I need to make a confession.
I judge books by their covers.
A good writer wouldn’t do that; a good writer would give every book a fair shake, knowing how much sweat goes into each word. Just yesterday, for example, I wrote 300 words. But it took me an hour. They weren’t even 300 good words. The good ones take longer. Multiply that by ten million times if you’re a full-time author.
I look at each cover and remind myself of the immense labor that stands behind it, and pass on it if the font is serif. I am not alone.
I just can’t do it any other way. There are too many books, and there is not enough time to read them, and I am looking for the best book, the one that will take me away somewhere quickly and teach me something. I can tell by the cover and the title if it’ll do it. I weigh them both equally like a magnanimous judge. I give it an extra second if the cover’s ugly, and then I pass it right by. Fun people wouldn’t have boring covers.
I obsess about titles and the covers. Why can’t I have a clever title like that, that encompasses everything I want to say in a neat JPEG file? That is displayed in stores, on Amazon’s Featured Page?
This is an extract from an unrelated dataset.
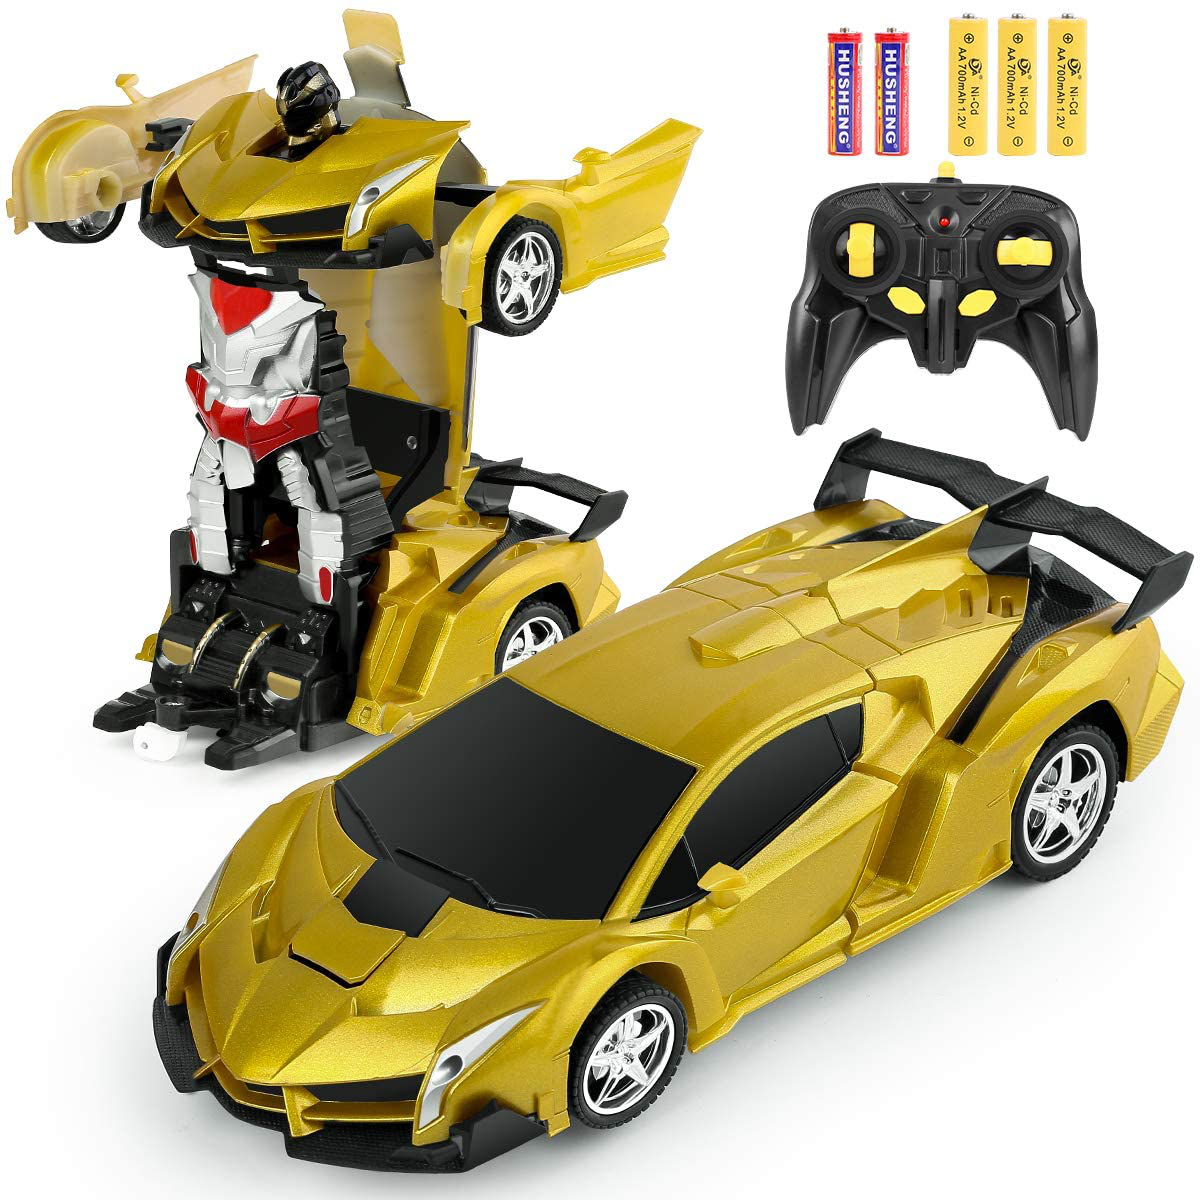 Remote Control Car Transforming Robot, BIFYTON Transform Car Robot with One Button Transformation and 360 Degree Rotating Drifting, RC Cars Robot Toys for Kids Boys and Girls

Why can’t I have
Byliner has the best consistently good-looking group of covers, with Serious Thoughts inside.
Why can’t I be published by them? Why can’t I be published at all and get a graphic artist to design my book cover? Why can’t I get a publishing deal? Why can’t I finish writing this novel, why am I only a third of the way through? When will I get to the stage where I can fantasize about my own book cover, that tells passers-by everything about me in five seconds?
These are all book covers that I love lately.
But I haven’t read any of these books yet. Because the plot description didn’t interest me at all. Or if they did, even the cover PLUS the author name PLUS the plot, all of that wasn’t even enough to push me over the edge.
So maybe in a world full of vain and intellectually hideous people like me, there is hope for the ugly duckling covers with clumsy titles but sexy plots, anyway. At least that’s what I hope for when I’m done with my book, anyway.